Do Beets Make You Fart? | What’s Behind Beet Gas

Beets can lead to extra gas for some people, mostly from their fiber and natural carbs that gut bacteria break down.

If you’ve eaten beets and noticed more gas later, you’re not alone. Beets won’t do it to everyone, yet they can push the right person over the edge, especially with a big serving or beet juice. The good news: once you know what’s driving it, you can usually keep beets in your meals with fewer surprises.

Gas is a normal part of digestion. It comes from swallowed air and from bacteria in the large intestine breaking down carbohydrates that weren’t fully digested earlier. That mechanism is explained by NIDDK’s overview of gas in the digestive tract.

Why Beets Can Cause Gas In Some People

Beets bring two things that gut bacteria love: fiber and fermentable carbs. When more of that material reaches the large intestine, bacteria make more gas as they break it down. MedlinePlus notes that gas is normally formed as your body digests food and that it can cause bloating or belly discomfort for some people. See MedlinePlus on gas and flatulence for the medical-encyclopedia overview.

Fiber Can Raise Gas During A Sudden Diet Shift

Beets contain dietary fiber. Fiber is useful for bowel regularity, yet a sudden jump in fiber can raise gas while your gut adapts. Some fiber reaches the colon intact, and bacteria break it down.

USDA nutrient tables list raw beets at 2.8 grams of fiber per 100 grams. You can see the value in USDA’s Total Dietary Fiber list.

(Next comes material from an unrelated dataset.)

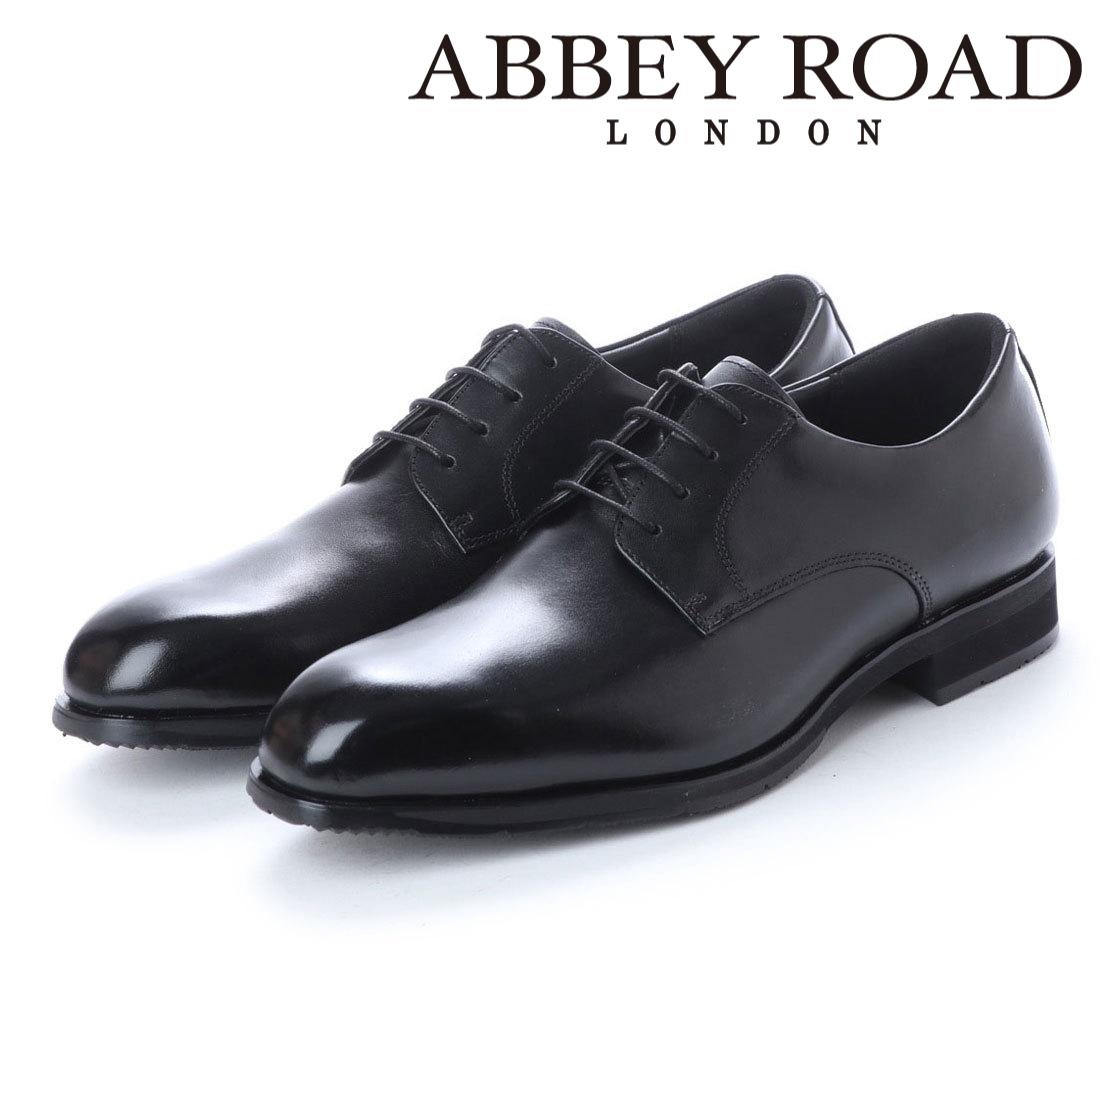 アビーロード ABBEY ROAD プレーントゥ ビジネスシューズ ABK6502 大きいサイズ マドラス 防水 革靴 【nesh】 【新品】

Portion Size Often Decides The Outcome

A few beet slices in a salad may feel fine. A large bowl of beets can feel different. Bigger portions mean more fiber and more carbs arriving in the colon at once, so fermentation can ramp up.

Juice Hits Different Than Whole Beets

Beet juice is easy to drink fast, and it can be easy to over-pour. It also moves through the upper digestive tract without much chewing. If you only notice gas after beet juice, treat it like a concentrate: smaller amounts, slower drinking, and with food.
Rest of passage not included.